# Glas Balken



## frapos (7. Oktober 2006)

Hi


Nach langer suche im Netz nach passenden Seiten musst ich mich doch gleich mal hier anmelden. Die infos wie man was macht helfen ungemein. Dafür schon mal dickes danke.

Da ich irgendwie nie so richtig mit der suche klar komme hier mal mein problem (also das richtige )

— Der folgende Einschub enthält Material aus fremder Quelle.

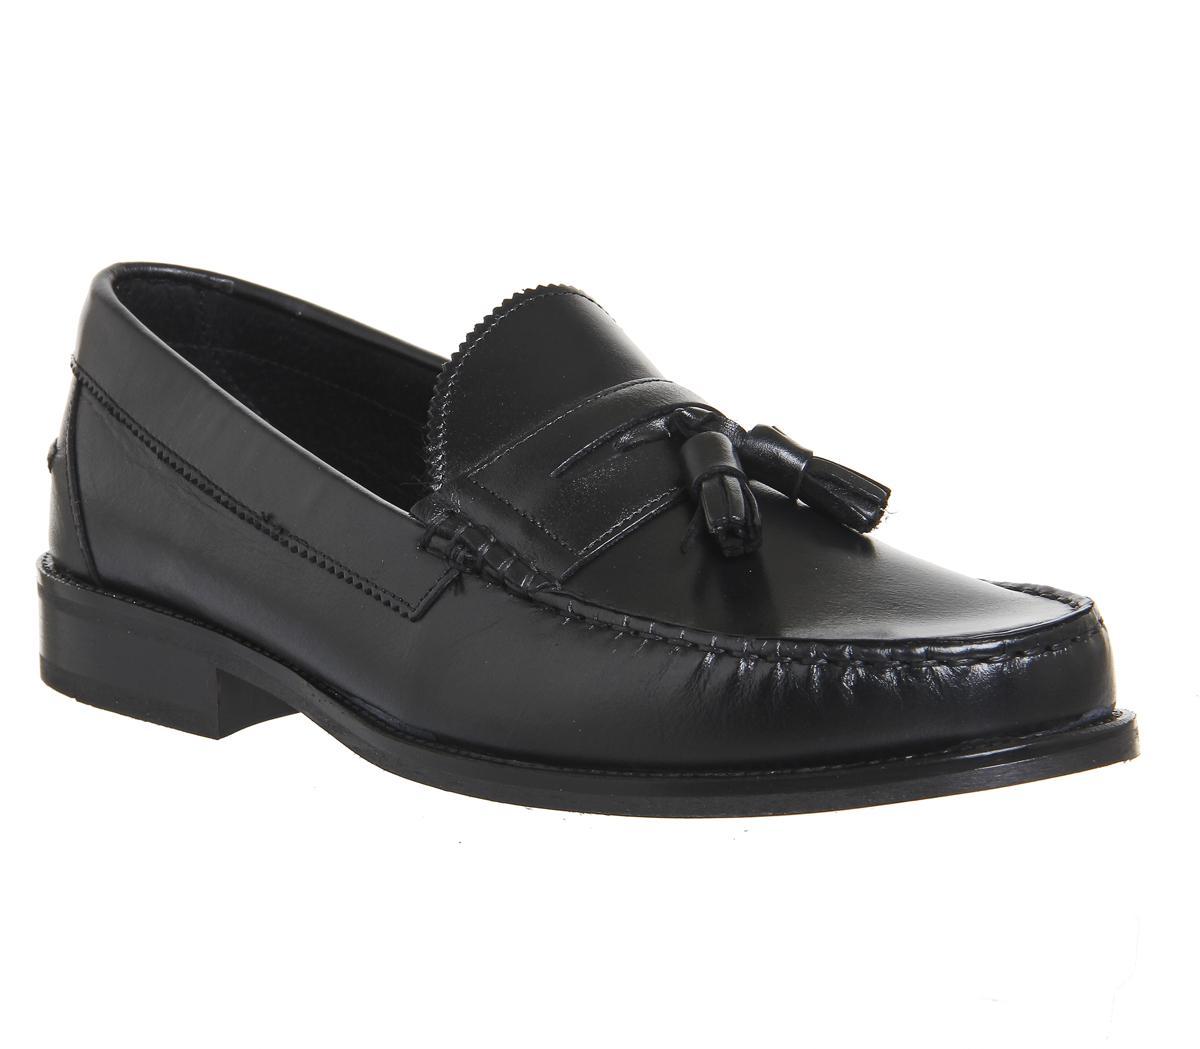 Bonjourno Tassle Loafers

Wie man nen runden glasbutton macht hab ich ja schon hinbekommen, aber wie sieht das aus wenn man nen Balken machen möchte. Also einen der zB. von links nach rechts geht und sagen wir mal 6 cm hoch und 15 cm breit ist. Irgendwie bekomm ich das nicht hin, oder aber ich denk nur das es falsch ist was ich mach.

Gibt es zufällig schon nen Tut was das erklärt oder kann es mir wer erklären was ich noch zu beachten hab?.

Danke schonmal

ps. sollte so aussehen wie zB. beim Vista Pack der untere Balken.


----------



## Alexander Groß (7. Oktober 2006)

Zeig mal ein Bildbeispiel wie es aussehen soll.

Alex


----------



## Boromir (7. Oktober 2006)

Hallo,

was für ein Vista Pack und welcher Balken?
Keine Ahnung was du meinst!

Boromir


----------



## frapos (7. Oktober 2006)

Hi


Na irgendwie so solls am ende aussehn  nur hal als linker rand.


----------



## Andreas Späth (7. Oktober 2006)

Google spuckt da zahlreiche Links aus zu diesem Thema.

zB. dieses Tutorial hier http://www.psd-tutorials.de/modules.php?name=Tutorials&site=tutorialansicht_neu&tutorialnr=45

Ansonsten google mal nach "Glasbutton Tutorial" oder "Interface Tutorial".


----------



## frapos (8. Oktober 2006)

Hi


Super, DAAANKE.


----------